Allow auditor to read group contribution analytics

The auditor role should be able to view contribution analytics of a group they are not a member of, as per our docs. Changelog: fixed EE: true

Allow auditor to read group contribution analytics
The auditor role should be able to view contribution analytics of a group they are not a member of, as per our docs.
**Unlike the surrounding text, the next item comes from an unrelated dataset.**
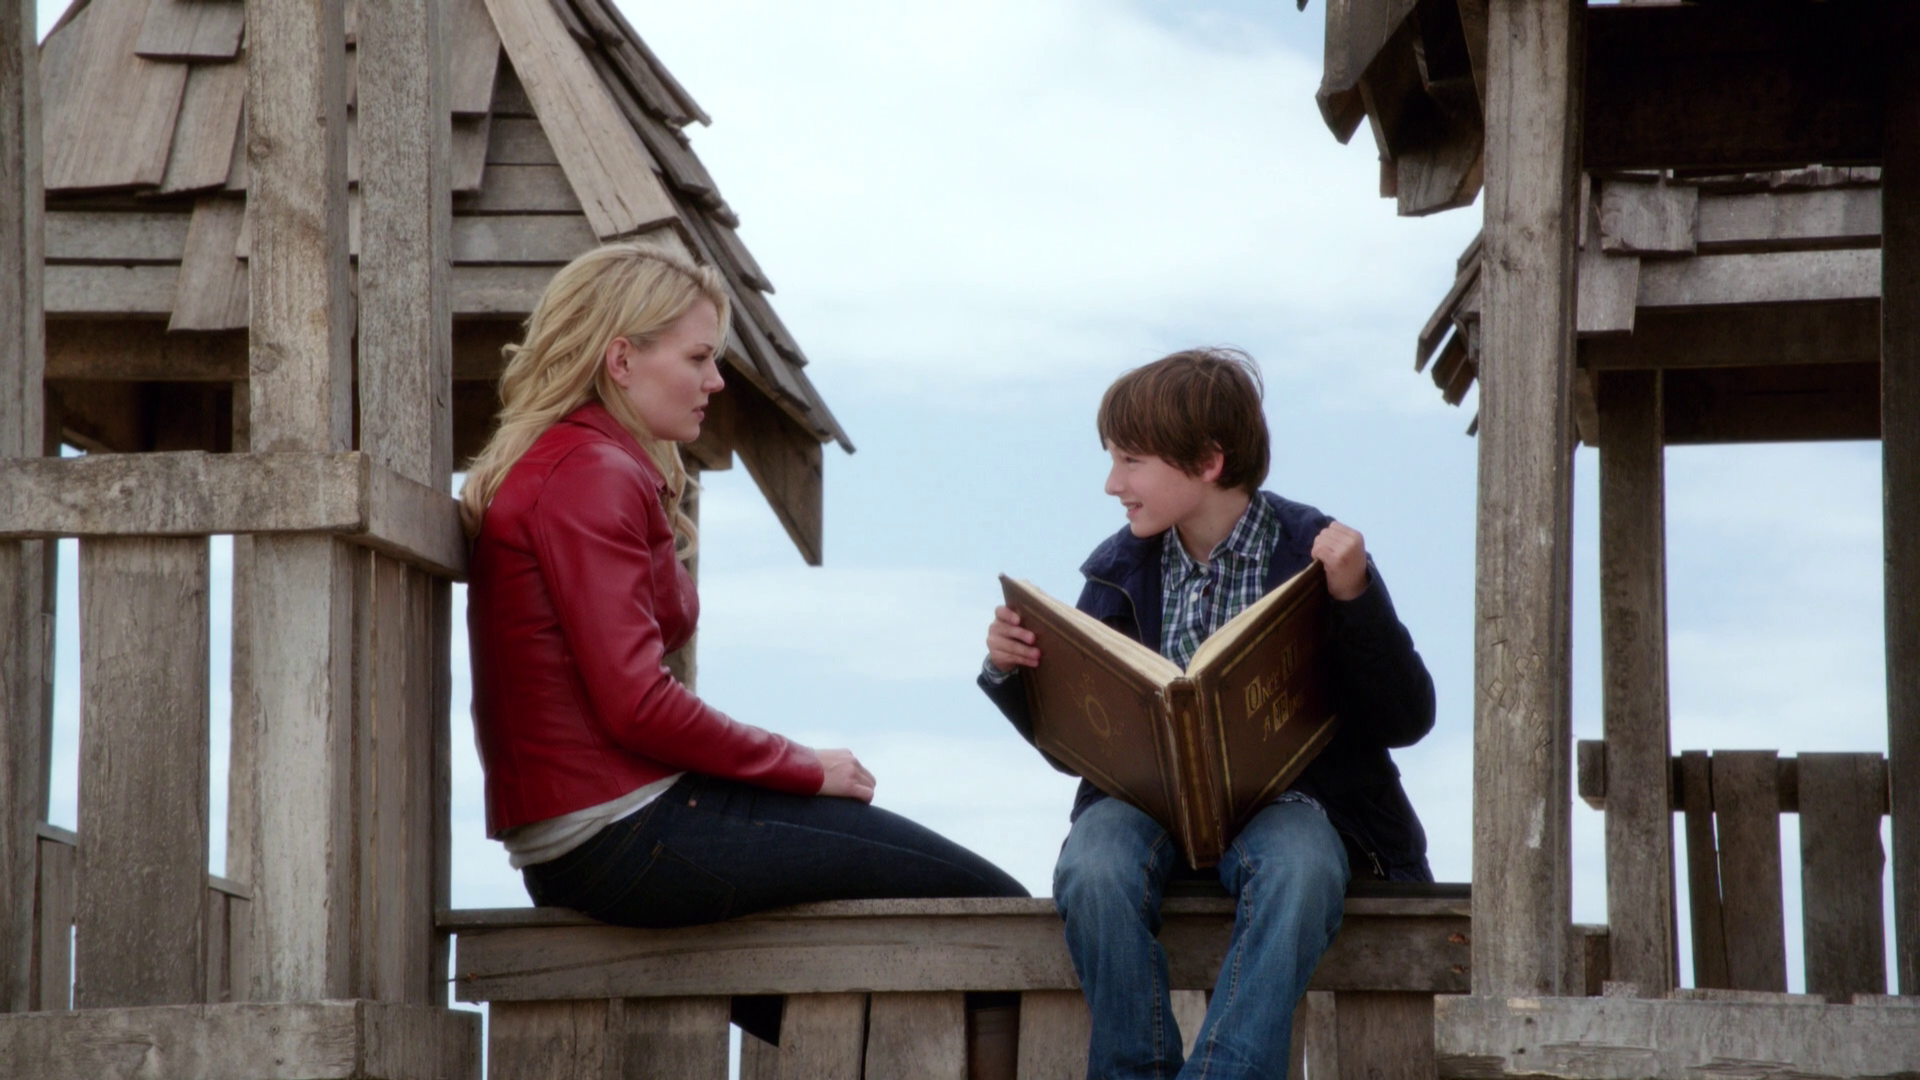 Emma and Henry sit on a play structure while they discuss some of the fairytales in Henry's book, "Once Upon a Time."

Changelog: fixed EE: true
448b87a8 · Magdalena Frankiewicz · Bob Van Landuyt · b4120f95 · 448b87a8 · 448b87a8
Commit 448b87a8 authored Mar 28, 2022 by Magdalena Frankiewicz Committed by Bob Van Landuyt Mar 31, 2022
3 changed files
--- a/ee/app/policies/ee/group_policy.rb
+++ b/ee/app/policies/ee/group_policy.rb
@@ -175,6 +175,7 @@ module EE
        enable :view_productivity_analytics
        enable :view_group_devops_adoption
        enable :read_group_repository_analytics
+        enable :read_group_contribution_analytics
      end

      rule { owner | admin }.policy do

--- a/ee/spec/controllers/groups/contribution_analytics_controller_spec.rb
+++ b/ee/spec/controllers/groups/contribution_analytics_controller_spec.rb
@@ -35,20 +35,29 @@ RSpec.describe Groups::ContributionAnalyticsController do
  end

  describe '#authorize_read_contribution_analytics!' do
-    before do
-      group.add_user(guest_user, GroupMember::GUEST)
-      sign_in(guest_user)
-    end
+    let(:request) { get :show, params: { group_id: group.path } }
+
+    context 'when feature is available to the group' do
+      before do
+        stub_licensed_features(contribution_analytics: true)
+      end
+
+      context 'when user is an auditor' do
+        let(:auditor) { create(:user, :auditor) }
+
+        it 'allows access' do
+          sign_in(auditor)

-    context 'when user has access to the group' do
-      let(:request) { get :show, params: { group_id: group.path } }
+          request
+
+          expect(response).to have_gitlab_http_status(:success)
+        end
+      end

-      context 'when feature is available to the group' do
+      context 'when user has access to the group' do
        before do
-          allow(License).to receive(:feature_available?).and_call_original
-          allow(License).to receive(:feature_available?)
-            .with(:contribution_analytics)
-            .and_return(true)
+          group.add_user(guest_user, GroupMember::GUEST)
+          sign_in(guest_user)

          allow(Ability).to receive(:allowed?).and_call_original
          allow(Ability).to receive(:allowed?)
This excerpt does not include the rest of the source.